Yuqi Du has posted comments on this change. ( 
http://gerrit.cloudera.org:8080/18454 )

Change subject: [master] KUDU-3390 support auto rebalance tablet leaders across 
TServers
......................................................................


Patch Set 34:

(27 comments)

I am glad to receive lots of crs.
Thank you very much.
I have fixed them and you can review them again.

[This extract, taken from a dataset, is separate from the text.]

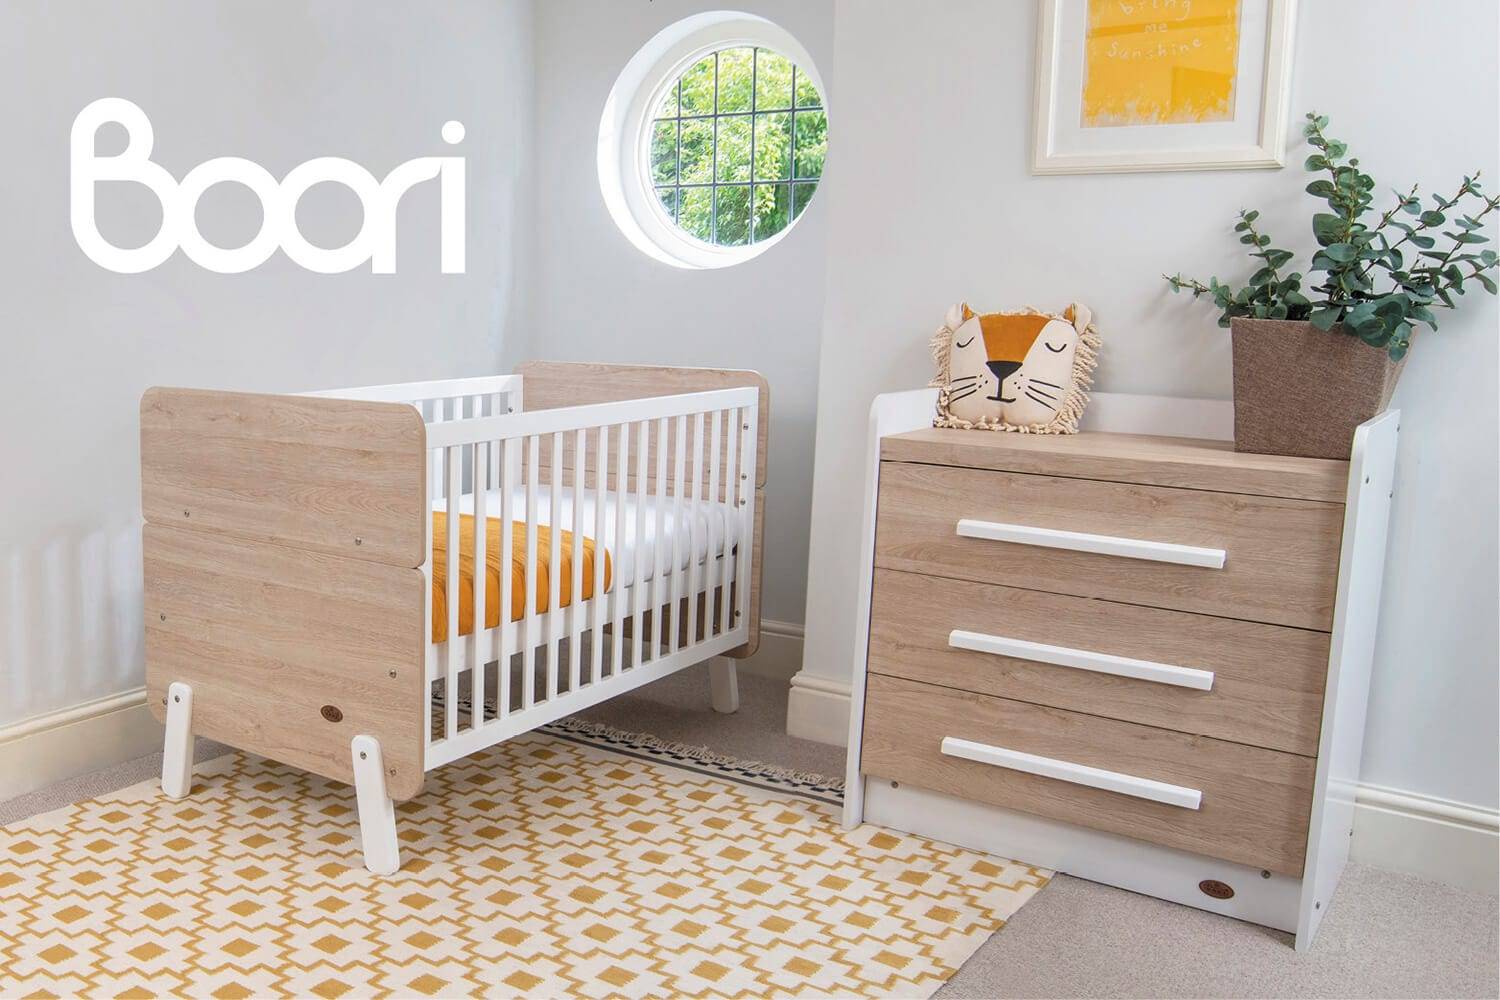 Boori Baby Furniture

http://gerrit.cloudera.org:8080/#/c/18454/32/src/kudu/master/auto_leader_rebalancer-test.cc
File src/kudu/master/auto_leader_rebalancer-test.cc:

http://gerrit.cloudera.org:8080/#/c/18454/32/src/kudu/master/auto_leader_rebalancer-test.cc@60
PS32, Line 60: (auto_rebalancing_interval_seconds);
> Is this needed here?
Remove it.
And some DECLARE_* and METRIC_DECLARE* below also not used, they should be 
removed.


http://gerrit.cloudera.org:8080/#/c/18454/32/src/kudu/master/auto_leader_rebalancer-test.cc@62
PS32, Line 62: (auto_rebalancing_wait_for
> And the same for several other declarations of gflags in this section: are
Done


http://gerrit.cloudera.org:8080/#/c/18454/32/src/kudu/master/auto_leader_rebalancer-test.cc@70
PS32, Line 70: class LeaderRebalancerTest : public KuduTest {
             :  public:
             :   Status CreateAndStartCluster() {
> Are these needed in this file?
Done


http://gerrit.cloudera.org:8080/#/c/18454/32/src/kudu/master/auto_leader_rebalancer-test.cc@139
PS32, Line 139: rs;
> How do we know that the distribution of the leader replicas is balanced?  I
Yes, the describe is not correct, I will fix it.
when create tables, the table's tablet replicas and leaders is decided by 
algorithms of assign tablets.


http://gerrit.cloudera.org:8080/#/c/18454/32/src/kudu/master/auto_leader_rebalancer-test.cc@150
PS32, Line 150:
> How do we know at this point that the cluster is leader-balanced?
That's default status, leader not balanced. I fix the comments.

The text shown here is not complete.